▸ Exercise prompt
All of the data is to be printed exactly, though the images must be left off.

▸ Data segment
= Beginning of Section =
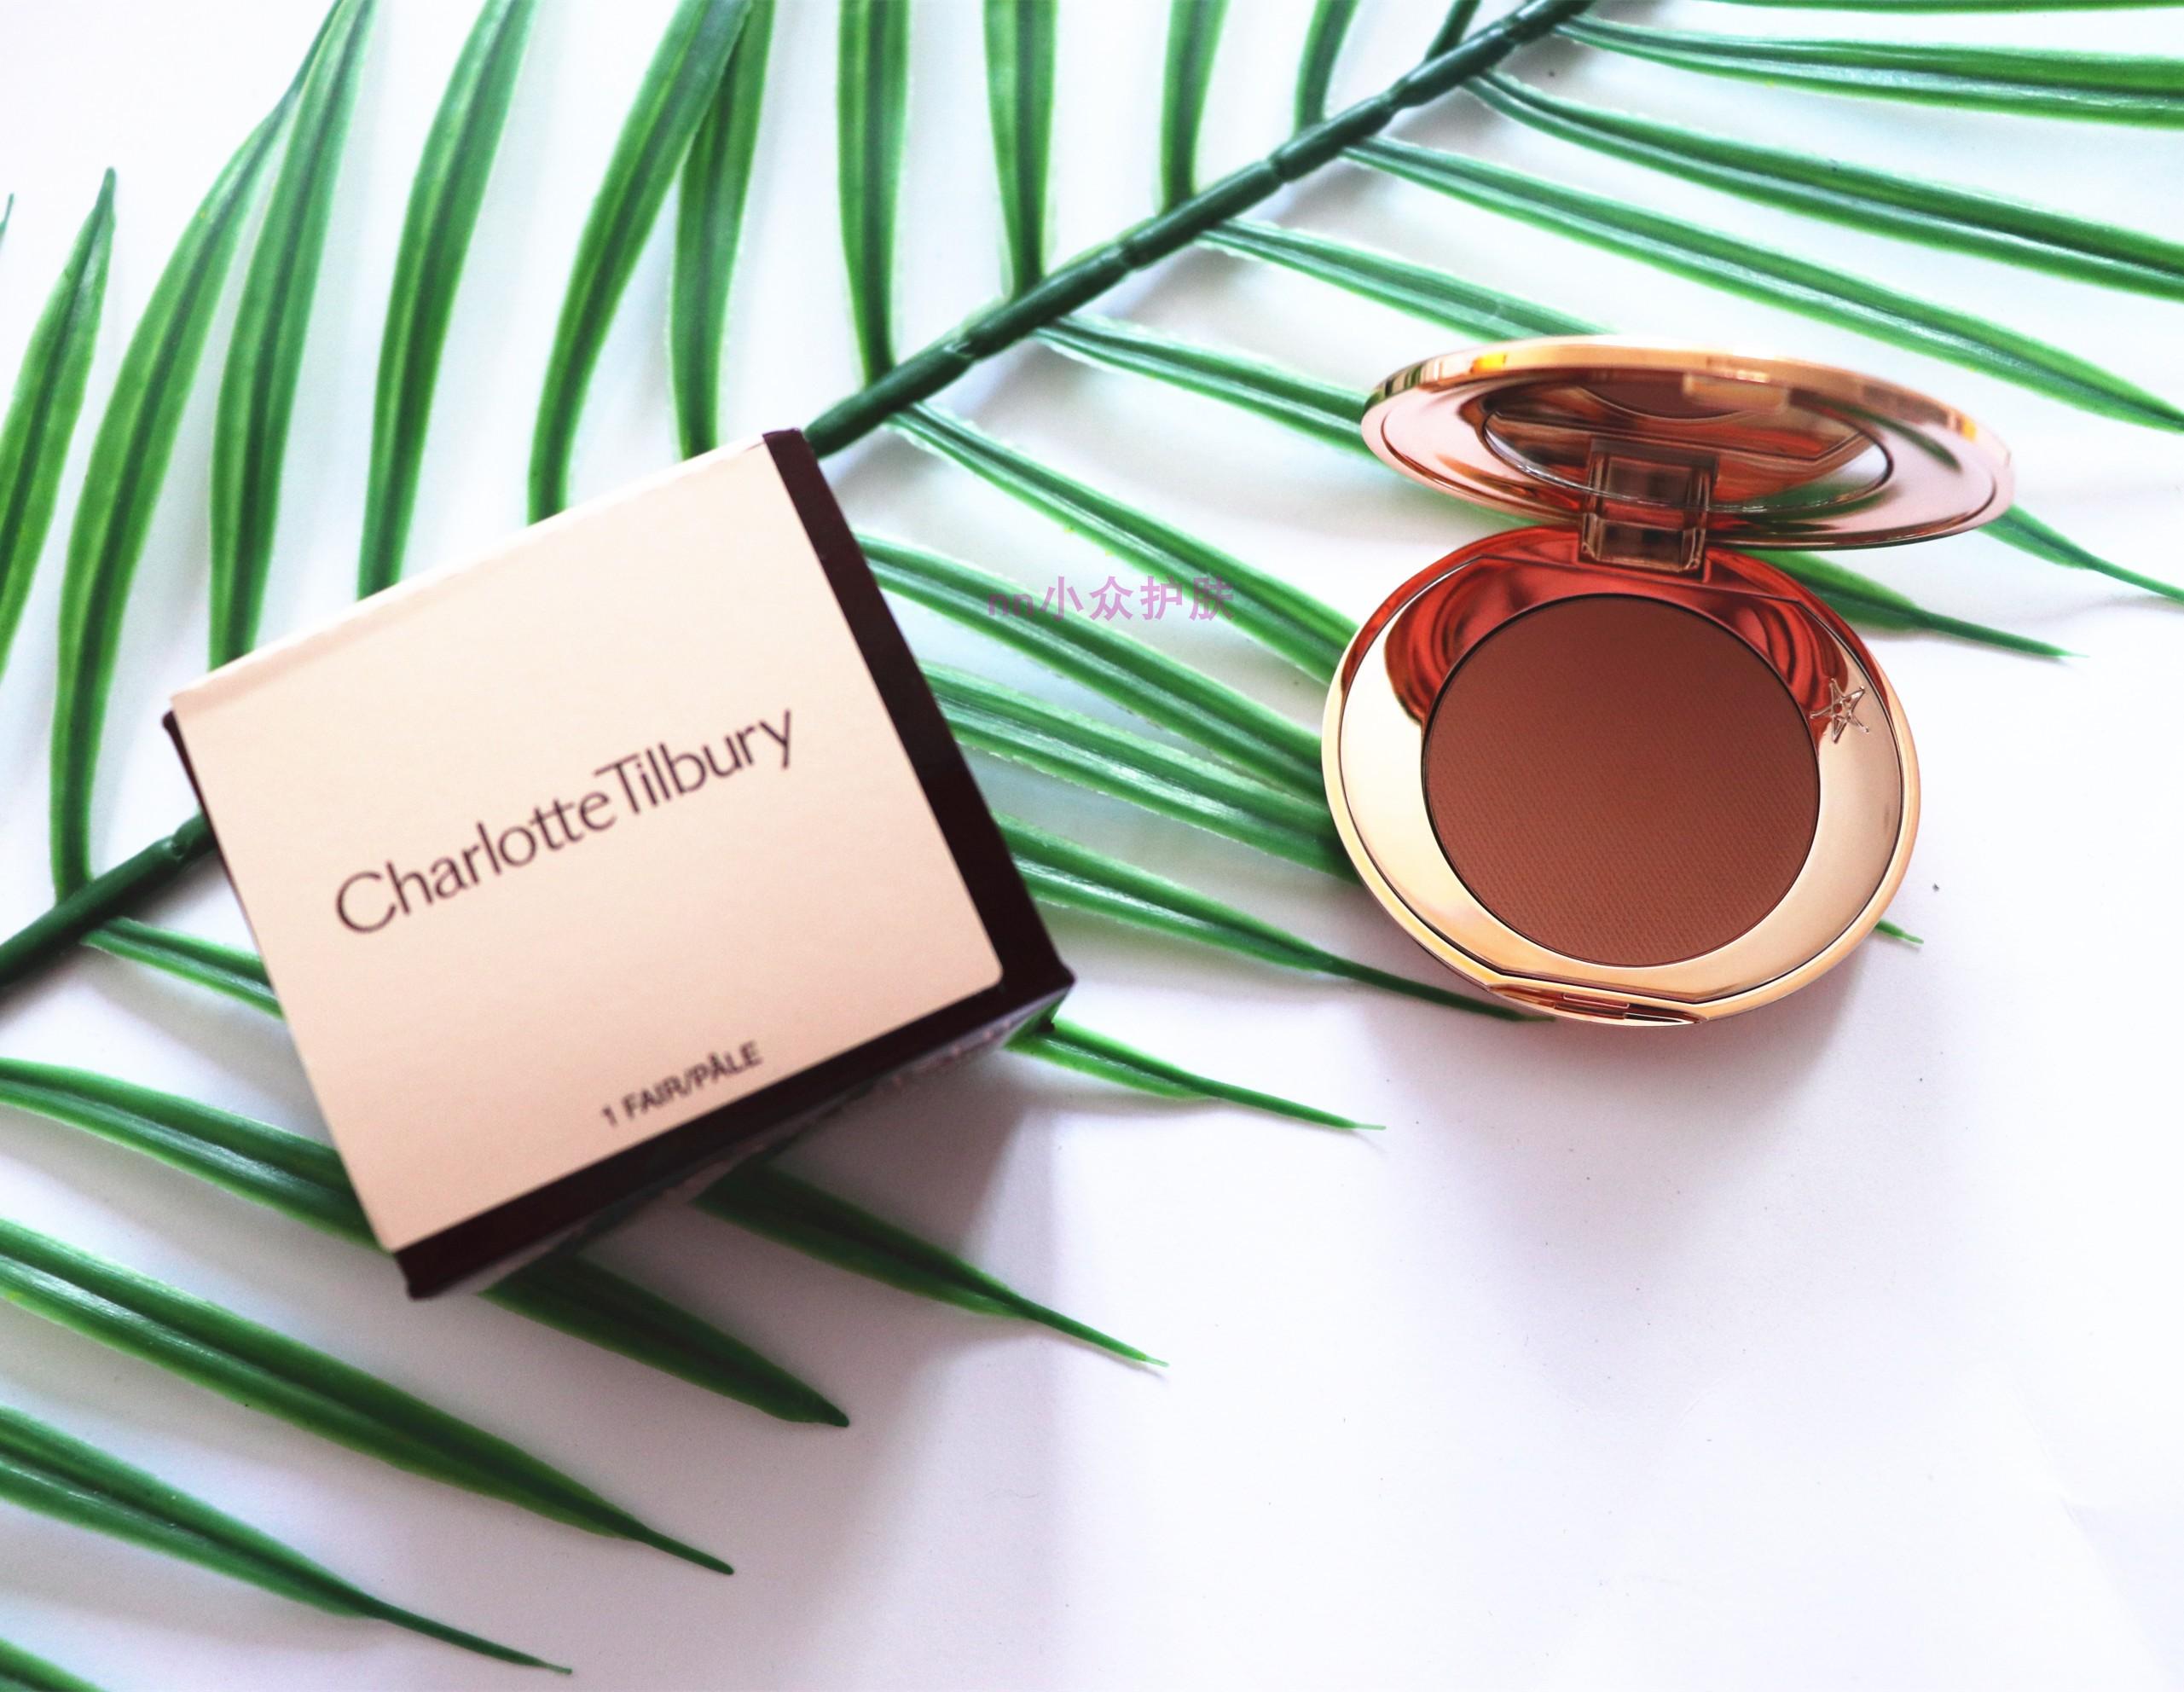 CT Charlotte Tilbury Magic Vanish eye color correction cream, color blemish 19 new
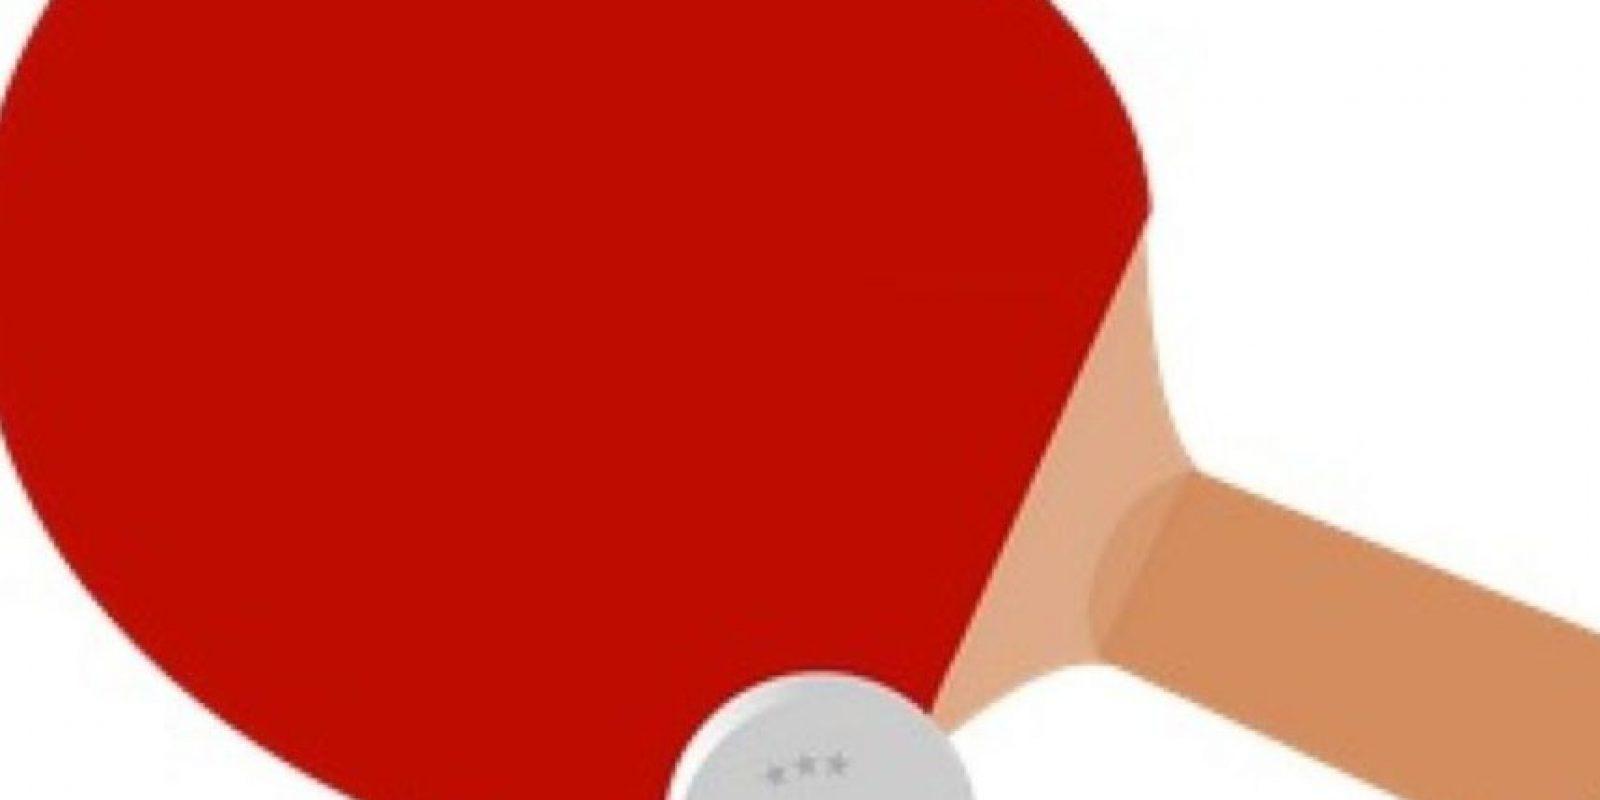 Raqueta de tenis de mesa Foto:emojipedia.org
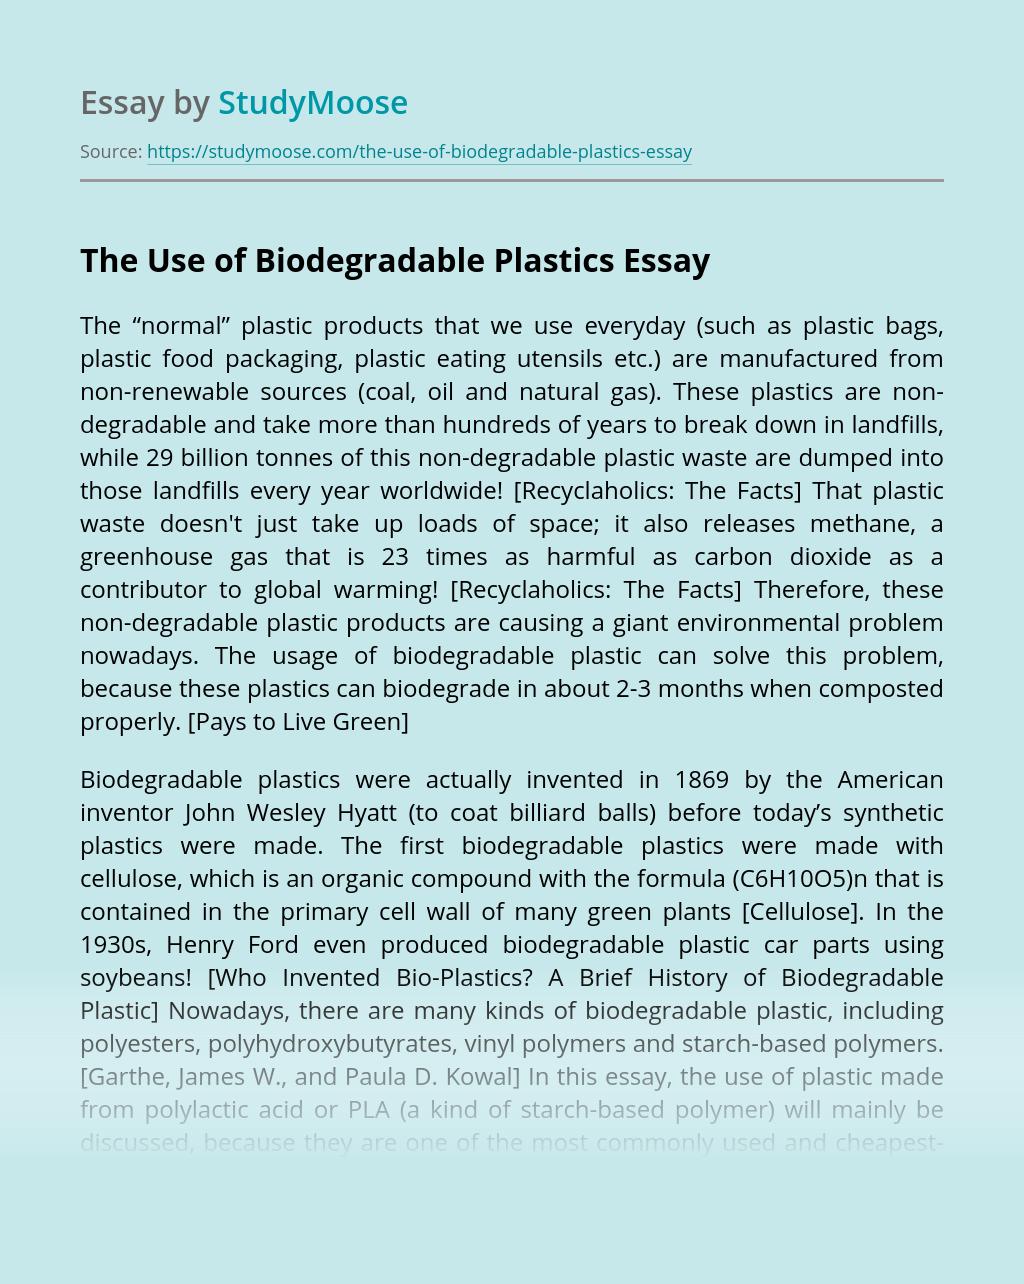 The Use of Biodegradable Plastics
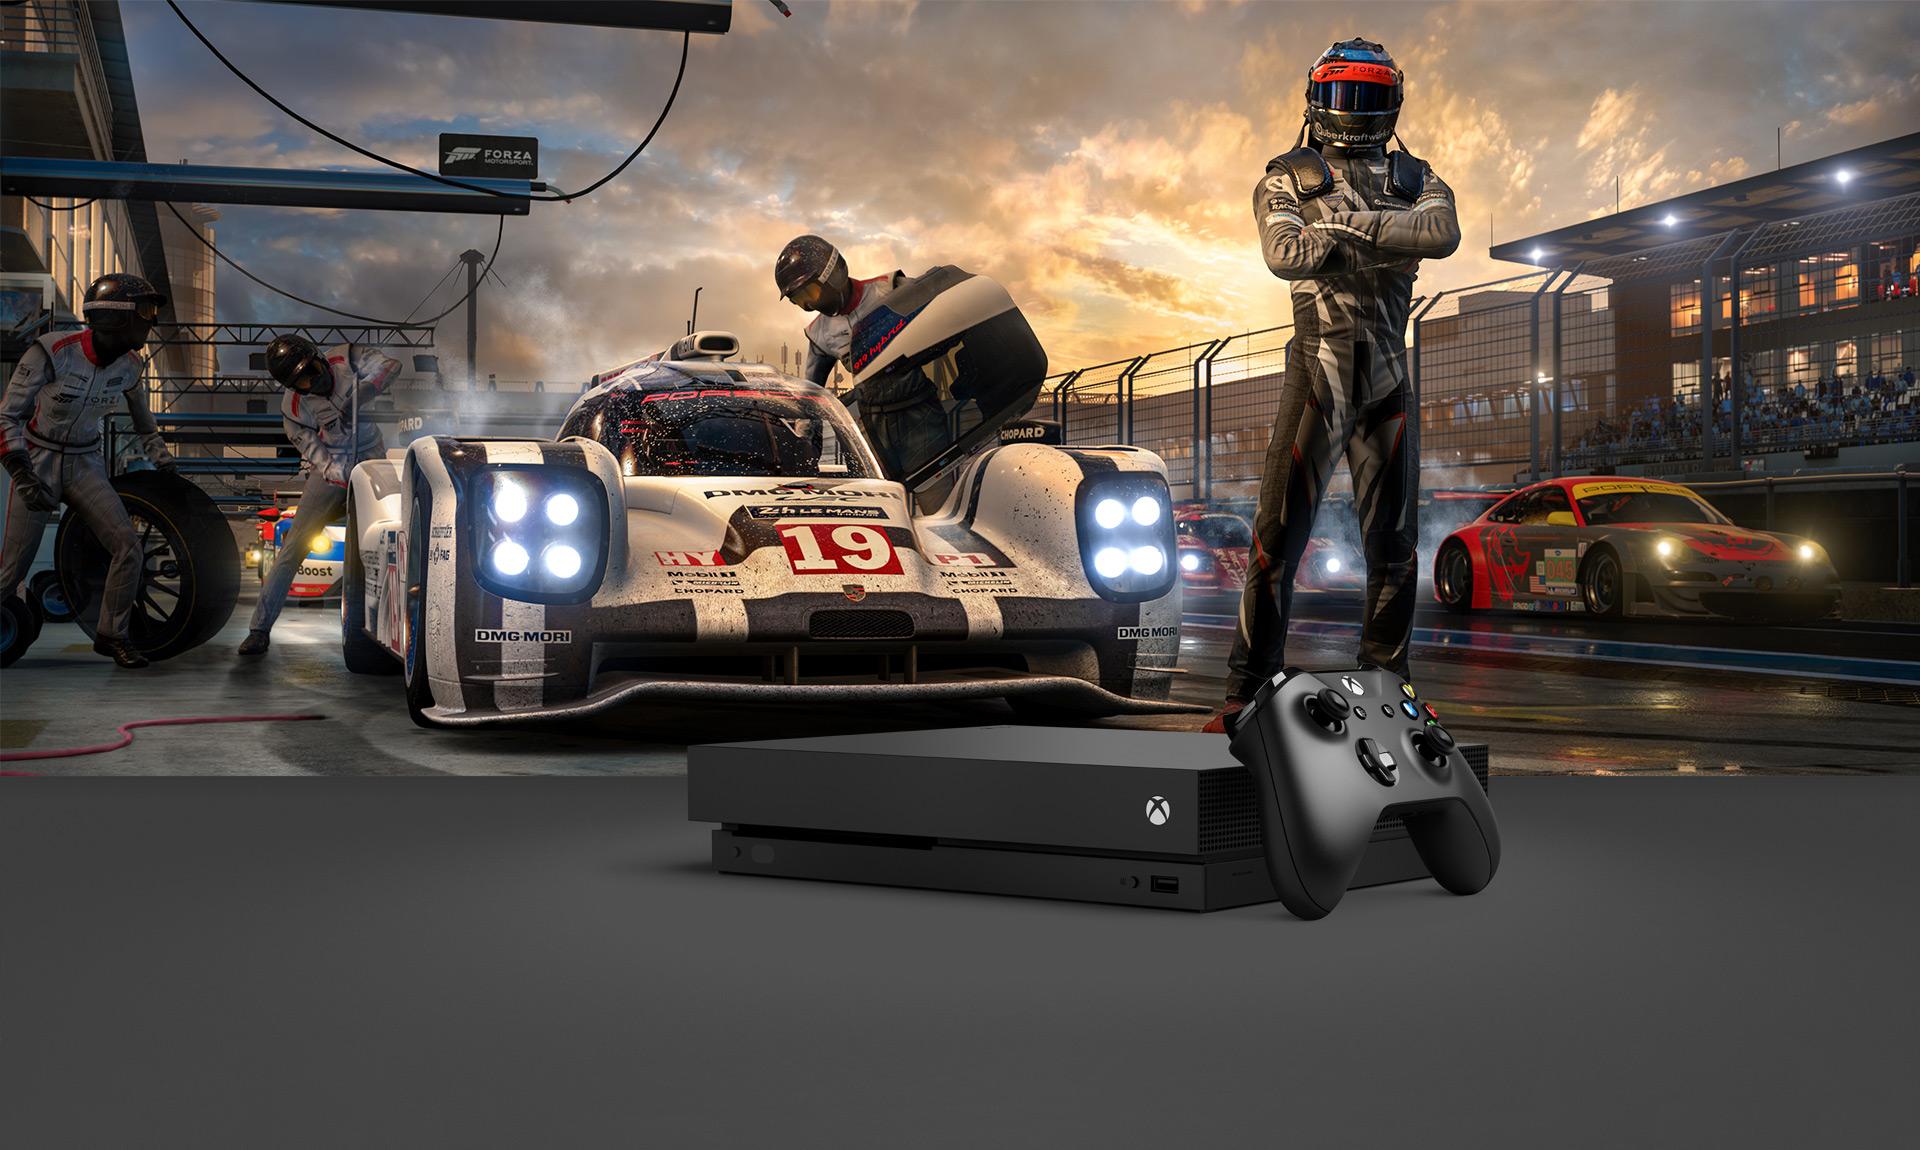 فهرست ۱۶۷ اتوموبیل اول Forza Motorsport 7 منتشر شد
= End of Section =
▸ Answer to this problem
 CT Charlotte Tilbury Magic Vanish eye color correction cream, color blemish 19 new
 Raqueta de tenis de mesa Foto:emojipedia.org
 The Use of Biodegradable Plastics
 فهرست ۱۶۷ اتوموبیل اول Forza Motorsport 7 منتشر شد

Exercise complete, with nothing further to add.